What was more stunning was what happened next: One of Morgal's biggest buyers in 2005 brought the part to them and, apologetically, said they were switching their business to the Chinese company, which could offer them the part for what Morgal was paying for raw materials alone.
That decision ultimately cost Morgal 20 jobs and $3 million in sales.
Forget for a second NAFTA, CAFTA and the rest of the alphabet soup. While politicians debate where U.S. trade policy should go, some Ohio manufacturers are more concerned with a simpler issue: Making sure foreign-owned companies don't copy the parts and sell them for far less than U.S. companies can.

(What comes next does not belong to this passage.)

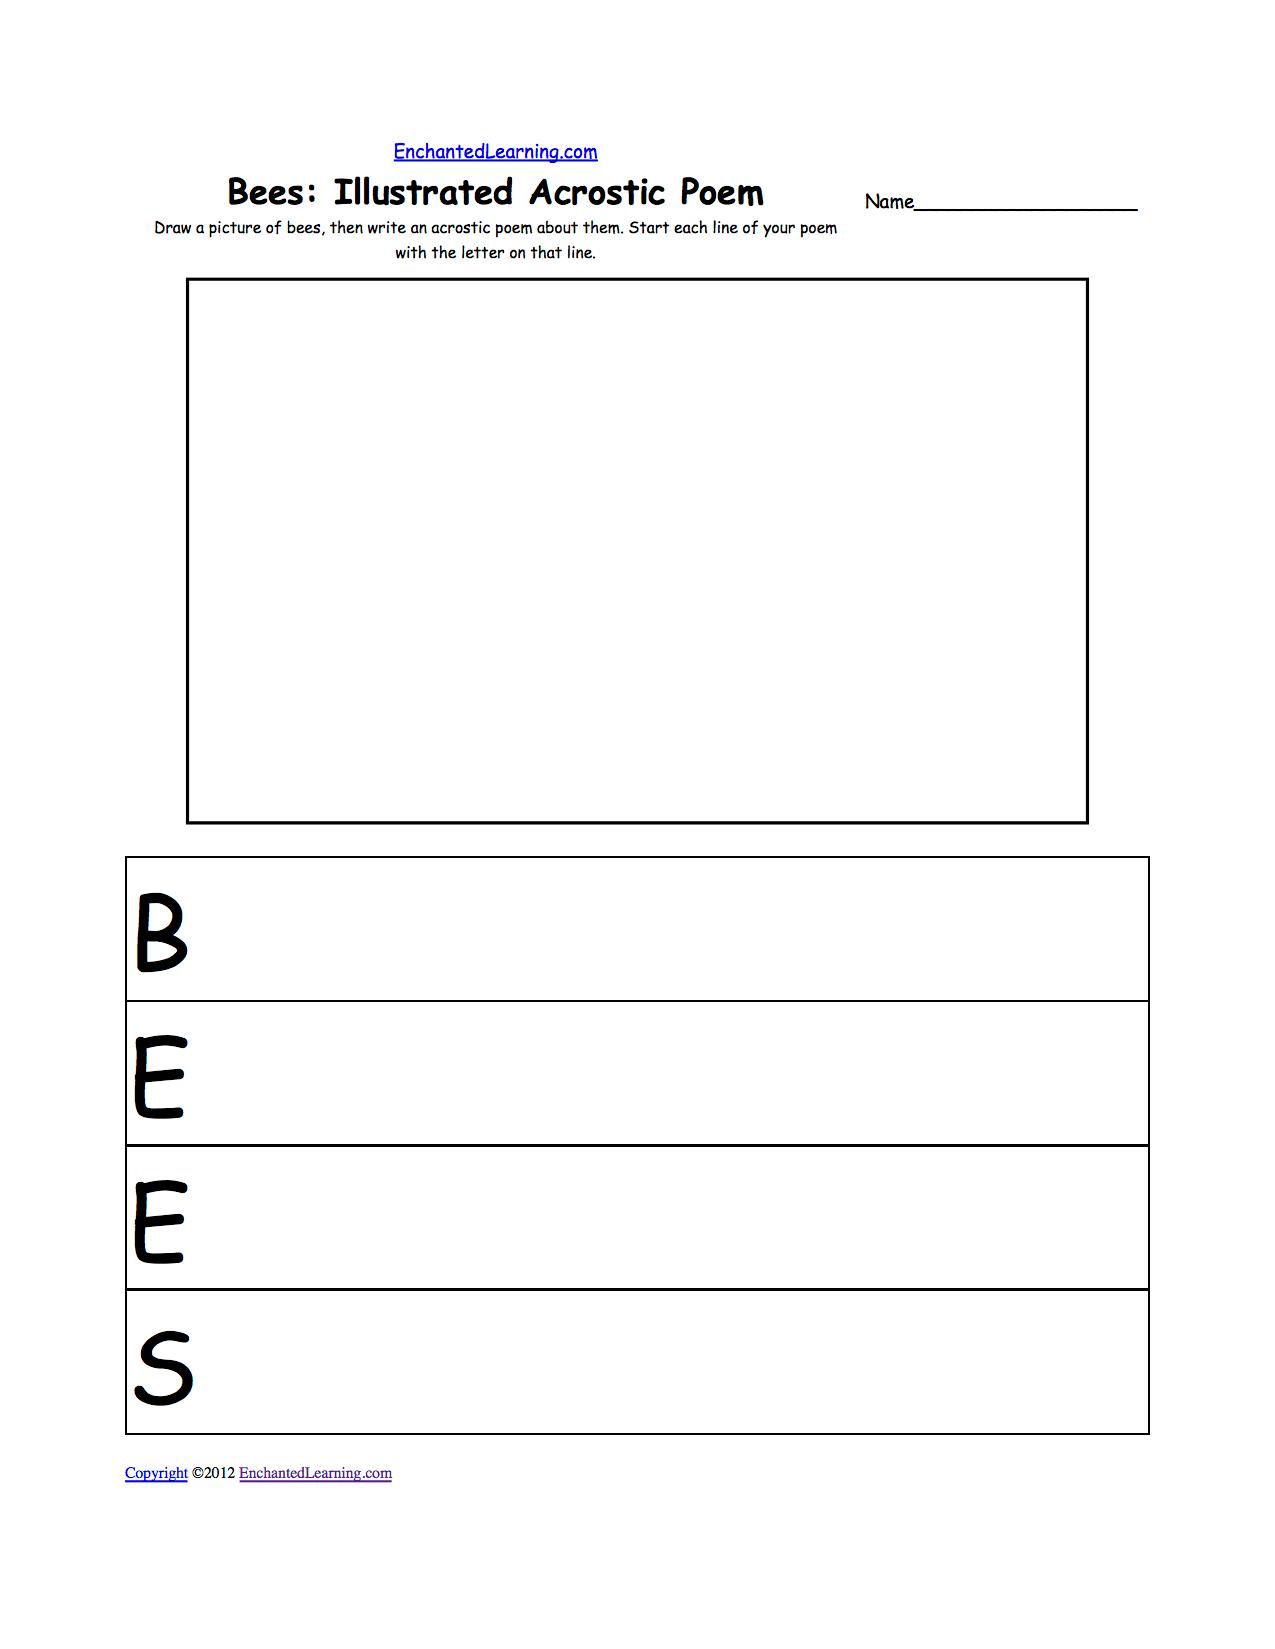 hight resolution of Illustrated Acrostic Poem Worksheets: Worksheet Printout -  EnchantedLearning.com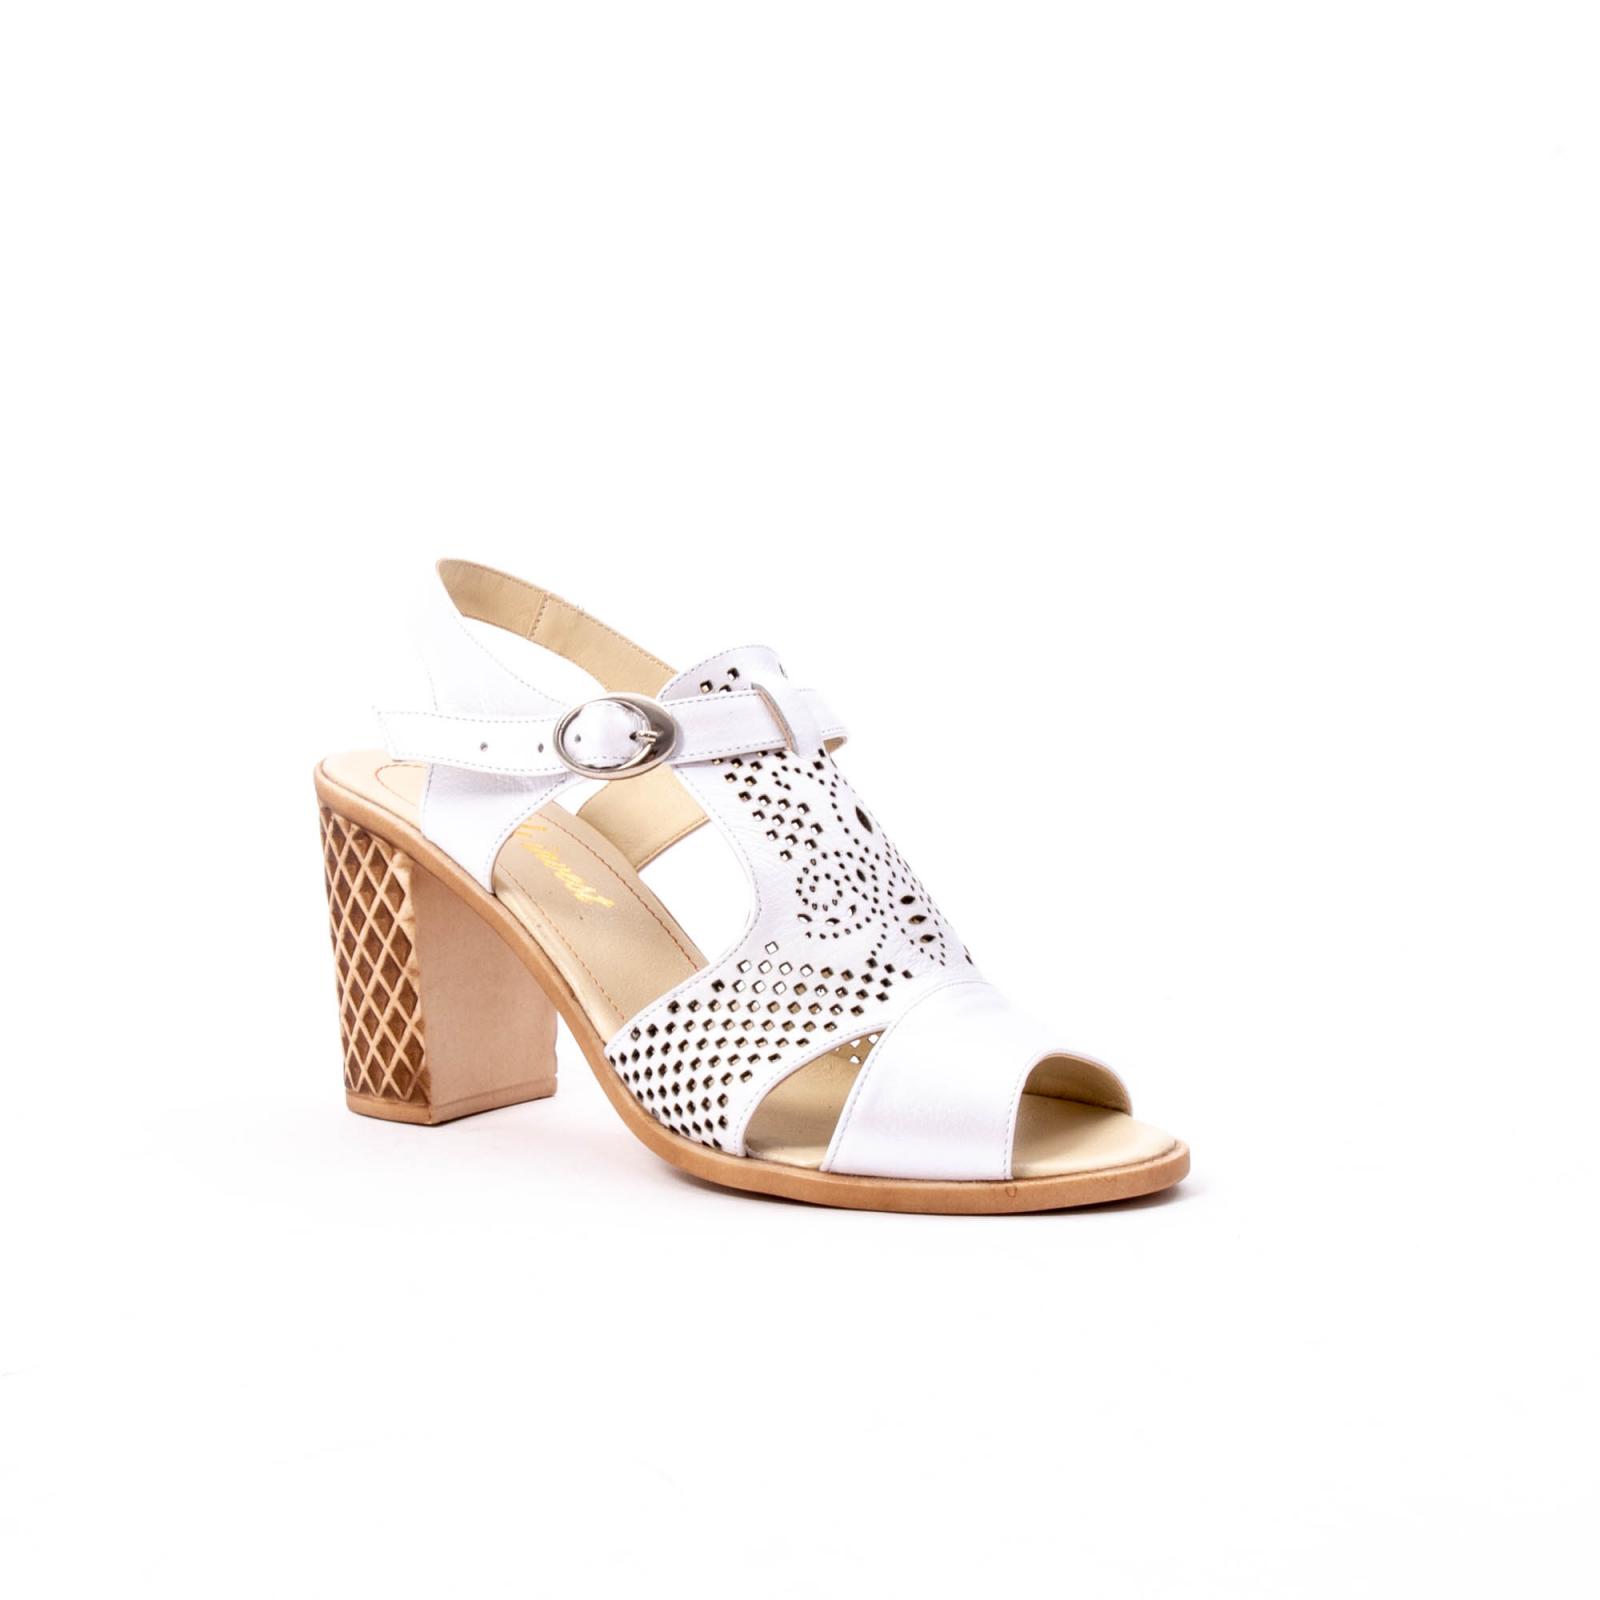 Nk238Alb NaturalaNike Sandale Dama ElegantePiele Invest qVUSzMp

The issue is one that has rallied Republicans and Democrats alike: Sen. George Voinovich, R-Ohio, and Evan Bayh, D-Ind., have introduced a bill that would coordinate federal agencies' response to tracking, identifying, arresting and prosecuting intellectual property theft. The bill also would establish formal processes for consulting with small and medium-sized businesses like Morgal to help them protect their intellectual property.
According to the U.S. Chamber of Commerce, counterfeiting costs U.S. businesses as much as $250 billion annually, and 750,000 American jobs have been lost because of counterfeit merchandise.
There's also a safety issue: Counterfeit drugs make up 10 percent of the pharmaceutical market.
Voinovich hopes to get his bill passed this year.
That won't be soon enough for Morgal, which has been in business since 1939. Jamie McGregor, a salesman whose family owns the company, said it is trying to keep afloat during tough times.
Given a fair playing field, he said, Morgal could compete against anybody. But he said fighting the intellectual property theft would have been prohibitively expensive, potentially costing millions of dollars.
"They don't make it as easy as it sounds," he said.